ASTRONAUTS: CHECK (They walk out and bump into the aliens.)


ALIENS: We come in peace.

ASTRONAUT 2: They’re lying!

ASTRONAUT 3: They want to eat us!

ALIENS 1: Oh no! We never eat humans for dinner!

ALIEN 2: We prefer them for breakfast!

ALIEN 3: Mmmm Humans on toast! Delicious! (Rubs stomach)

ASTRONAUTS: Ahhhhh! (Start running)

ALIEN 1: Wait! We’re joking!

ALIEN 2: Make a note: Humans don’t joke. (Alien 3 pretends to write it down)

ASTRONAUT 1: Stop that! WE are supposed to study YOU! YOU are different!

ALIEN 3: Why are WE different? You are on OUR planet!

ASTRONAUT 1: You have 3 eyes instead of 2!

ALIEN 1: To see things, like you.

ASTRONAUT 2: You have 4 legs instead of 2.

ALIEN 2: To move around like you.

ASTRONAUT 3: But you are weird and scary!
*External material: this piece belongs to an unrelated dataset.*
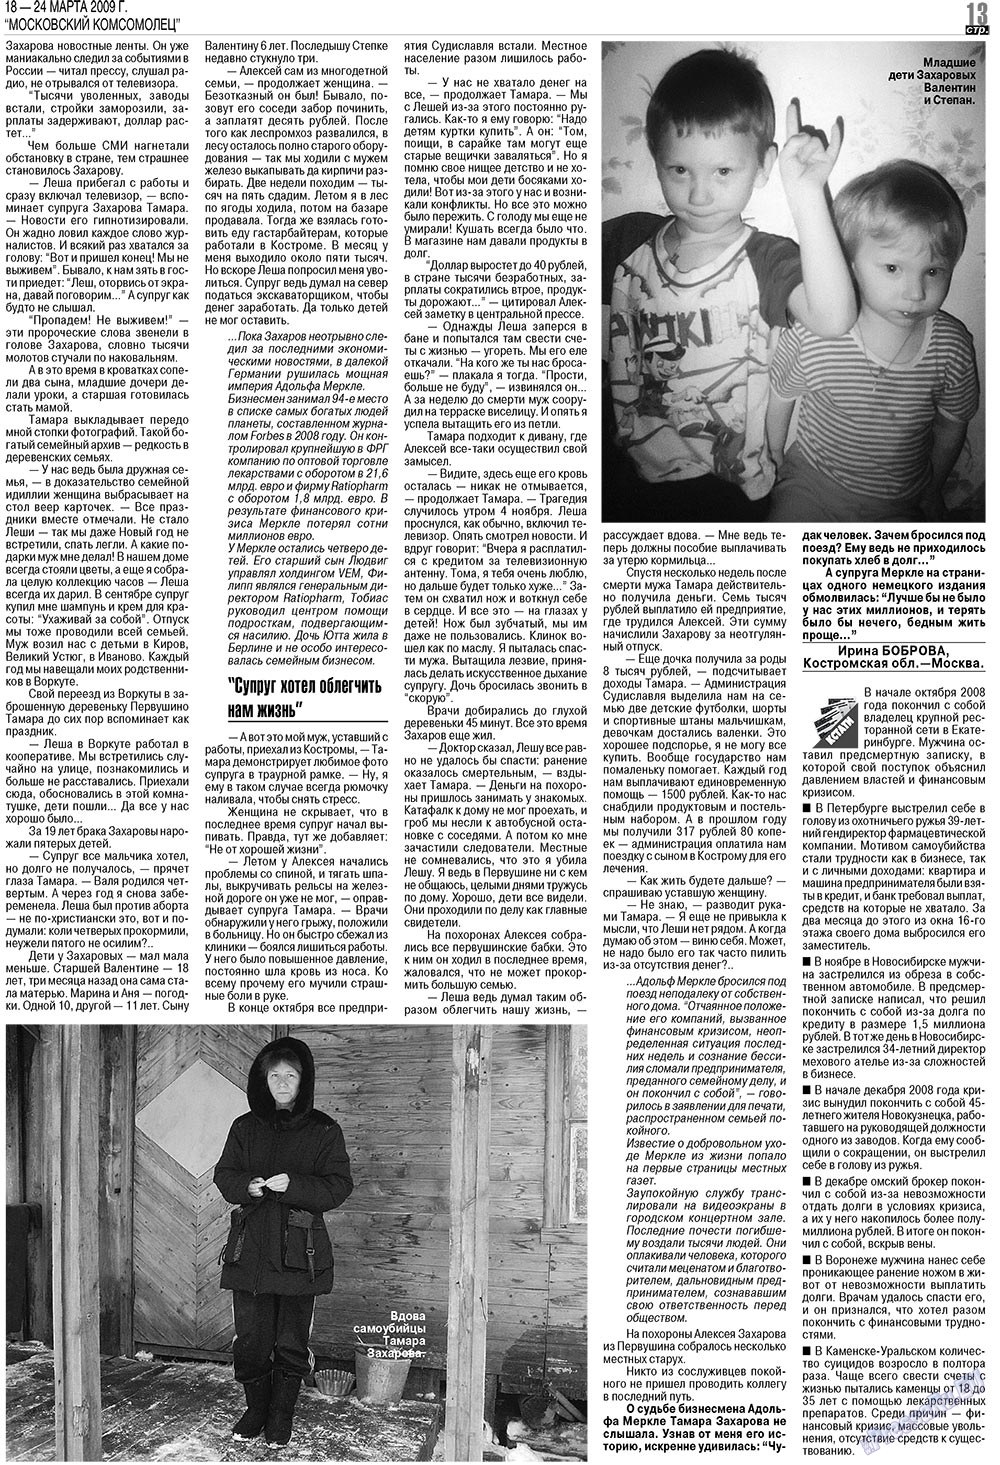 МК Испания (газета). 2009 год, номер 12, стр. 13

ALIENS: Hello! (They point to the astronauts)

ALIEN 1: We look different but we are not that different!

ALIEN 2: Please stay and teach us more!

ASTRONAUT 2: (looks at his friends) OK! we’ll stay!

ASTRONAUT 3: Yes, we can’t wait to have aliens for breakfast!


ASTRONAUT 3: Make a note: Humans DO joke.